Location: Cornwall UK
By MazerRackhem
#131627
Jim wrote:
Therefore, from a photon's perspective, is time frozen? Does a photon experience the passage of any time whatsoever between leaving a star and being absorbed by someone's eye hundreds of light years away? If you could ride on a photon, would you be aware of anything at all, or would your journey - at least from your viewpoint - be instantaneous...?
This a question many physicists have been pondering for decades. The answer is really, who knows? Some people have come up with some, in my humble opinion, rather silly notions that "God is a photon" or something along those lines. What I wonder though if the question really makes sense from a rigorous perspective. Since conscious thought and experience requires the passage of time, if there is no experience of time can we say that the photon "experiences" anything? I suppose in someway we could say that the photon "experiences" everything simultaneously but I think that this is imposing a time dependent view on a timeless system. We can asymptotically approach the speed of light, but not reach or exceed it, so we always "experience" things in time. Were time removed I think the question of experience becomes a non sequitur.
User avatar
By Spiral Out
#131630
MazerRackhem,

If you're still willing to converse with me, what is the current scientific assessment of what light is, a particle or a wave, or is it up in the air at the moment?
By MazerRackhem
#131654
I'm willing to converse with anyone. I extricated myself from the previous thread, though not before making a few remarks I am not proud of, because it was no longer discussing the topic. I tried to keep it on track but we all saw what it became. I am not pointing fingers at any person nor assigning blame for why it became so, perhaps it was even my own fault. However I think we can agree by page 6 or so very little productive thought was enmeshed within the shouting and anger. I'm very glad Scott is cleaning it up.

I must admit I have become a bit prickly on this forum due to the many insults directed at me in my short time here. I noticed your thread on why people are insulted and, though I abstained knowing myself too well to delve into anything so tendentious at this time, the discussion seemed interesting and I noted a few strong and interesting points by a few posters. Though you may have never intended insult in your first post to me, as it seems increasing clear you did not, I have been faced with extremely open and blatant attacks on me by name from others. This has likely increased my sensitivity to such matters. If it was I who caused the devolution of the previous thread I am quite sorry. That aside, I'll try to do my best to explain what I can.

You ask
Spiral Out wrote:hat is the current scientific assessment of what light is, a particle or a wave, or is it up in the air at the moment?
The current assessment is not simple enough to be fully explained in a one word answer. The short version is that light is an electromagnetic wave which has discrete characteristics which cause it to interact with matter much like we think of traditional particle doing. What does this mean? I'll do my best to explain in detail, and apologize in advance for the length.
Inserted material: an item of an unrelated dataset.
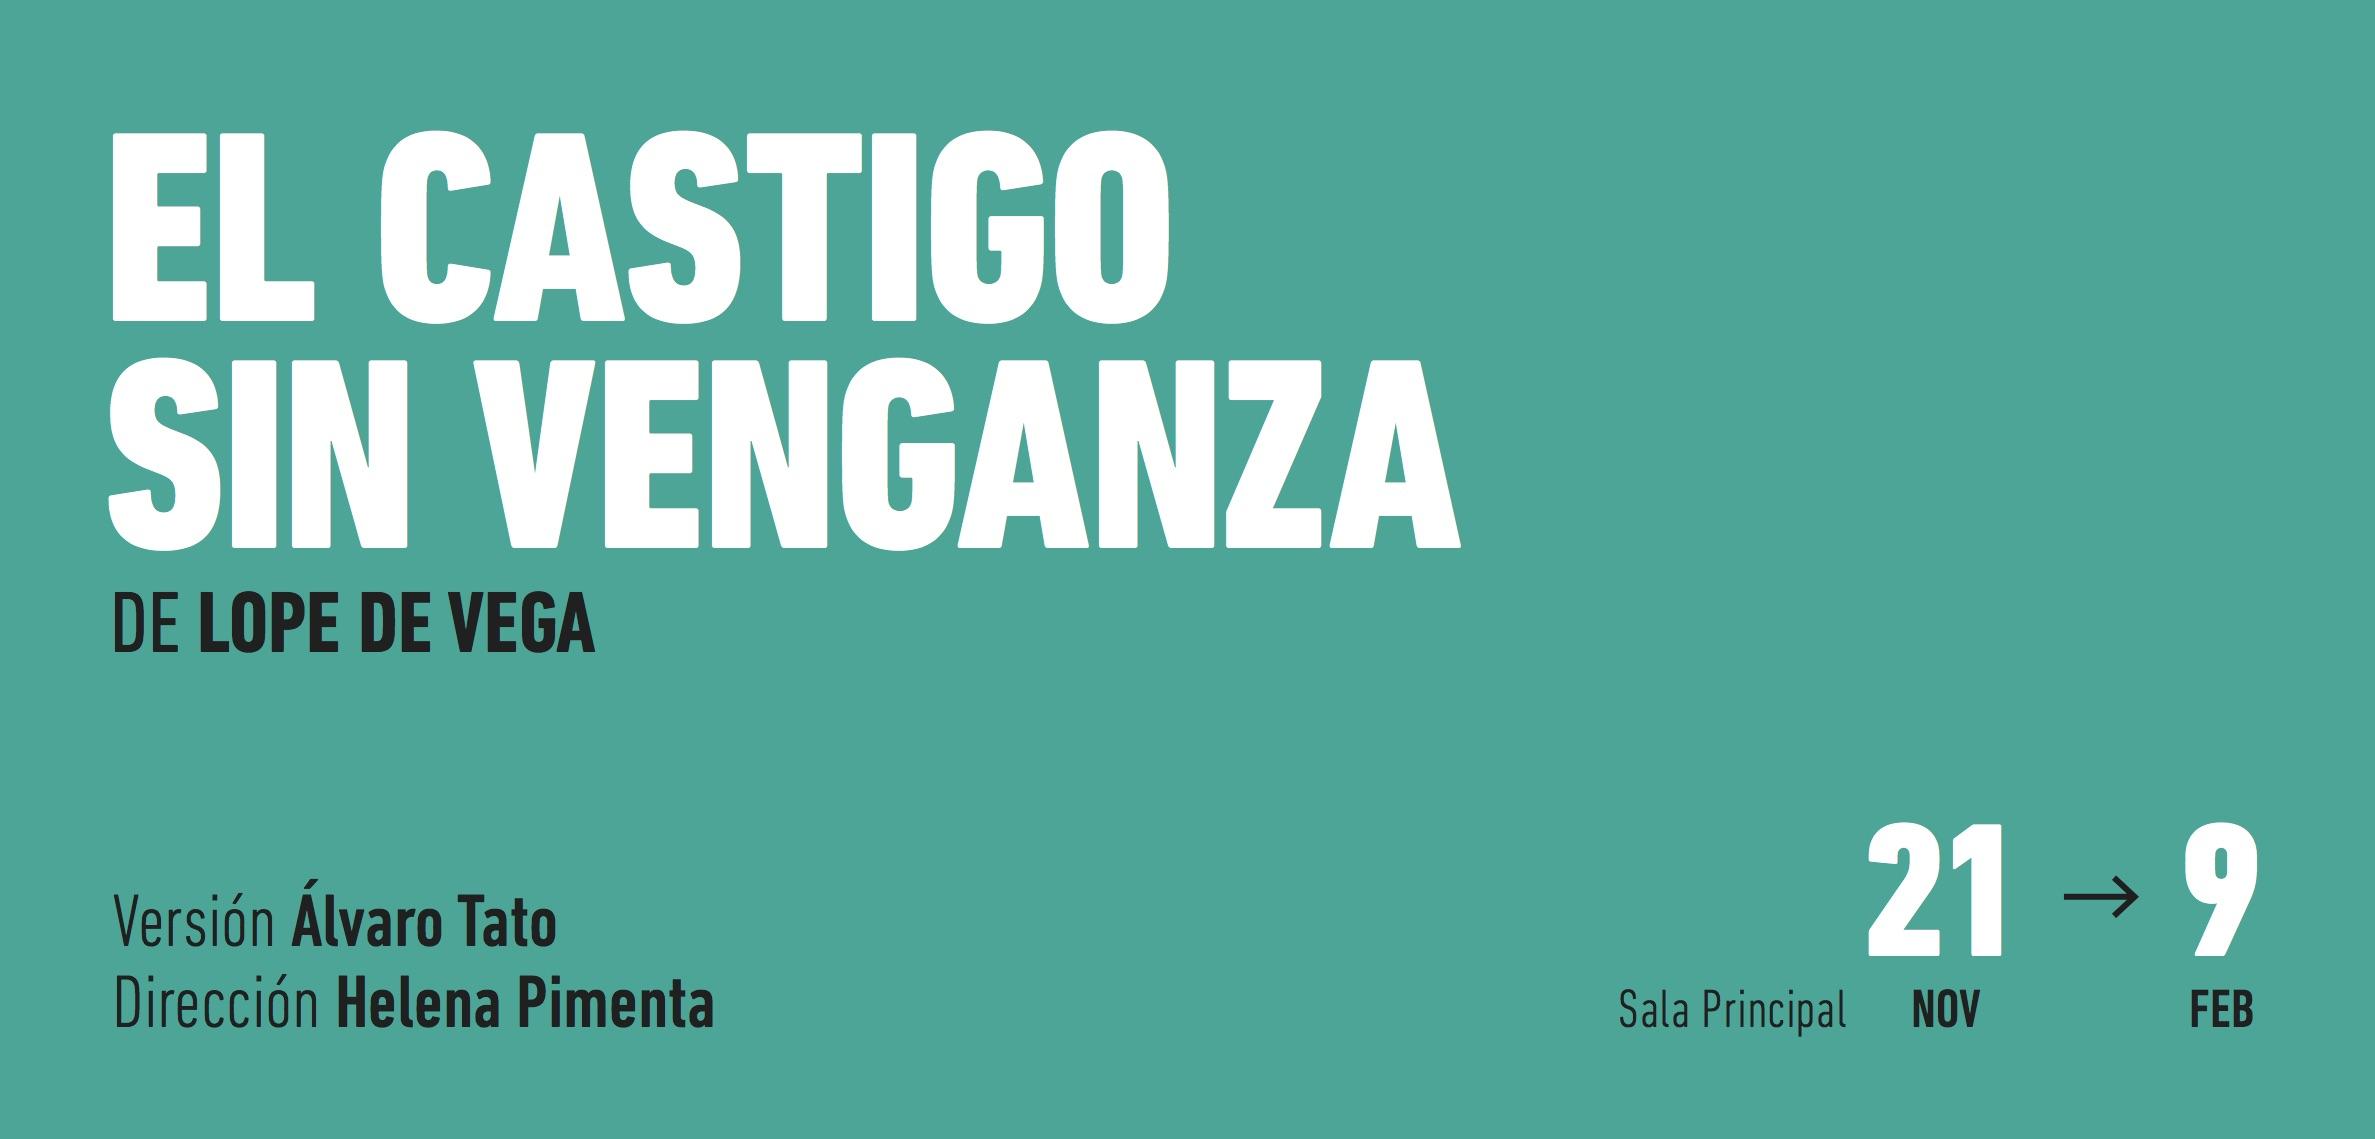 EL CASTIGO SIN VENGANZA en el Teatro de la Comedia
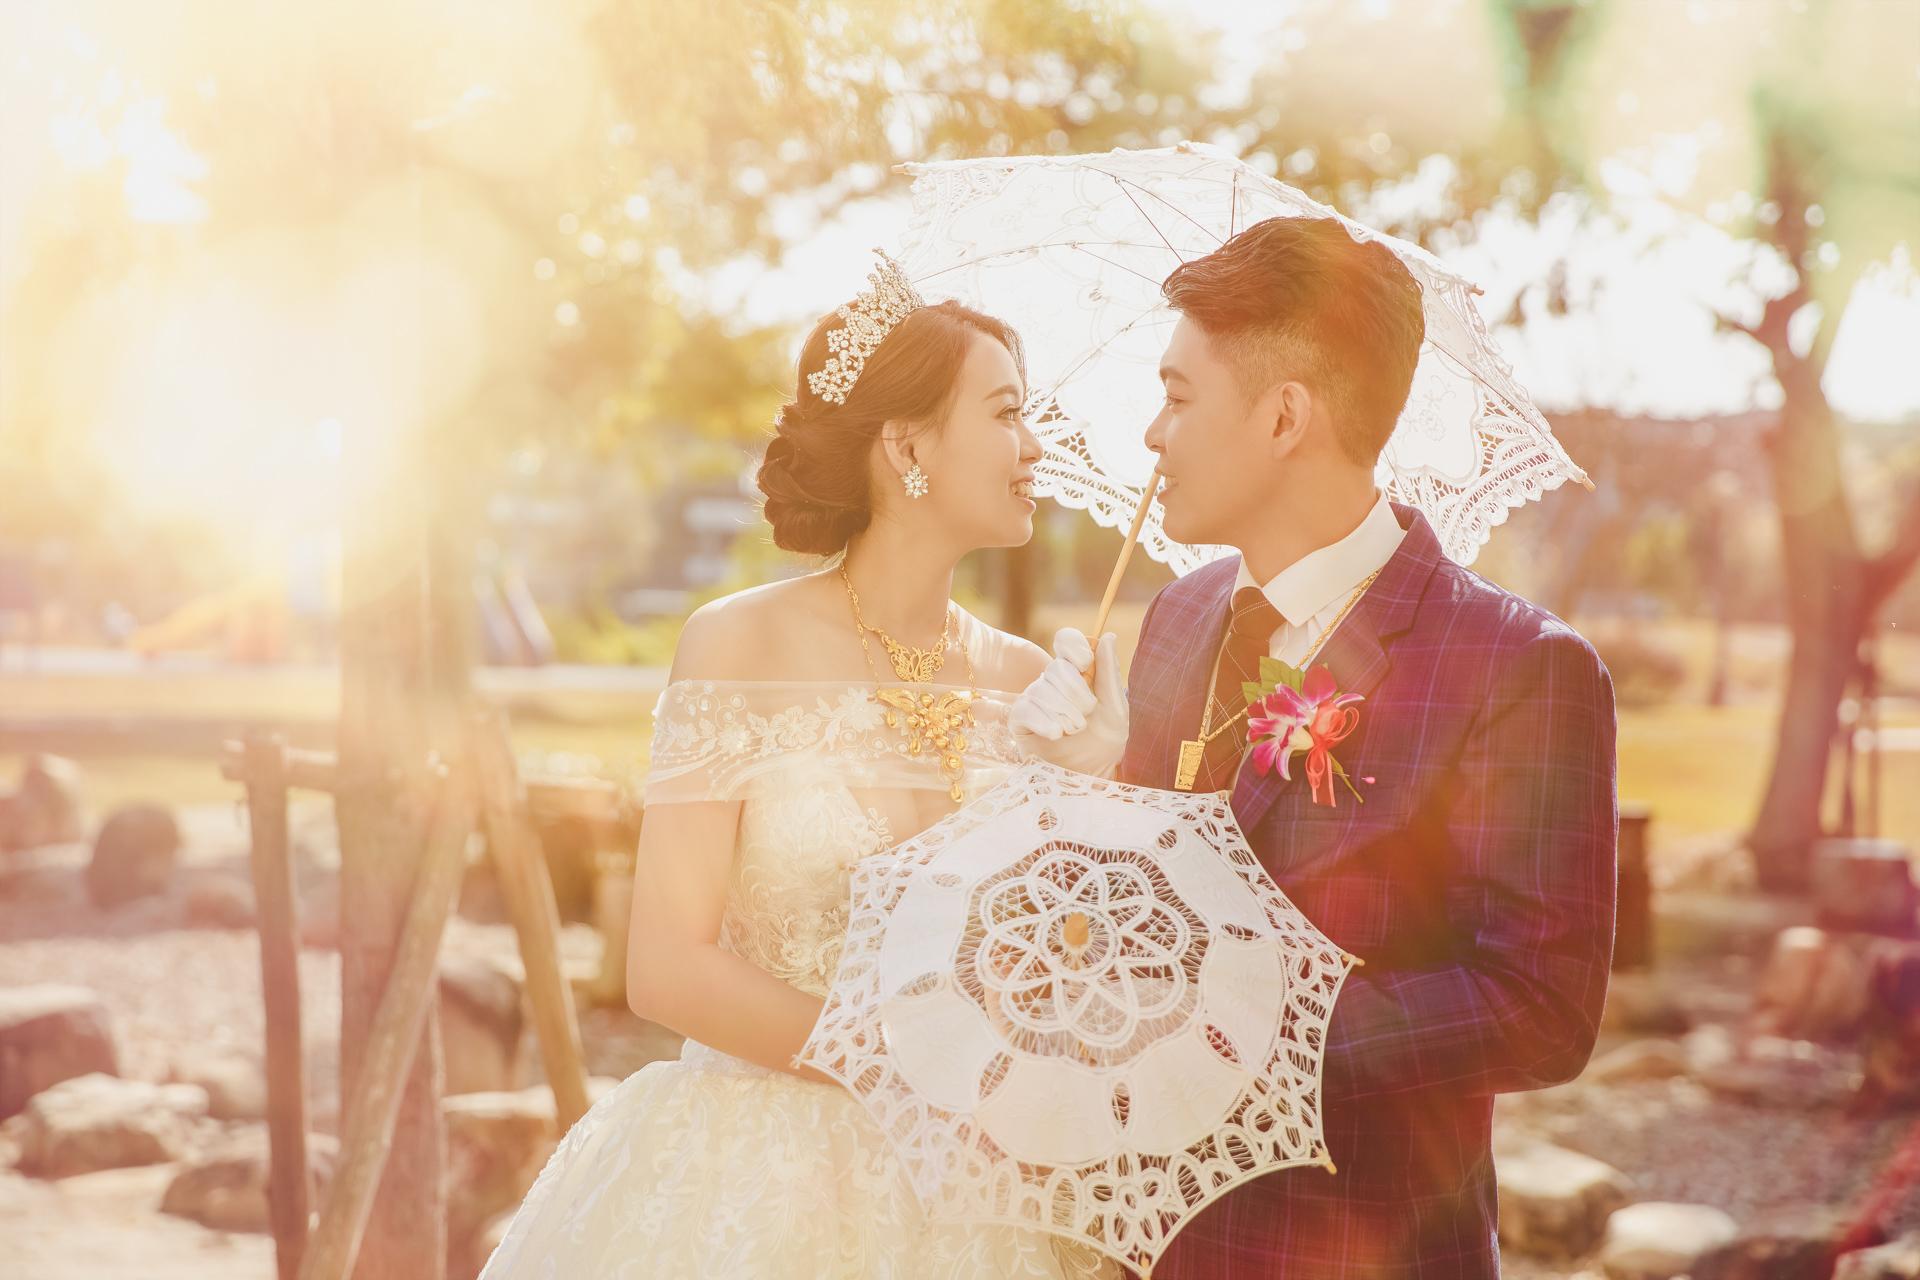 婚攝,婚禮攝影,彰化婚攝,二林文創園區

Maxwell discovered in the late 1800s that a changing electric field induced a magnetic field and that a time varying magnetic field induced an electric one. This is the principle used to "step up" and "step down" current and voltage in transformers. Current in one coil is used to induce current in another unconnected coil with a different number of loopings, this loop count difference determines the raising or lowing of voltage and current in the traveling line. What Maxwell realized was that in the right conditions a time varying electric field (E) could set up a magnetic field (H) which would be perpendicular to the E field and vis versa. As the E field decayed it would drive the H field, which would decay after the E field and thus drive it since the time variance of the H field gives rise to an E field. Thus the two fields could propagate as a transverse wave, each field's normal vector pointing perpendicular to the direction of the waveform. If you think of a Cartesian coordinate axis it would be like having the E field point along the X axis, the H field point along the Y axis and the wave would be traveling along the Z axis.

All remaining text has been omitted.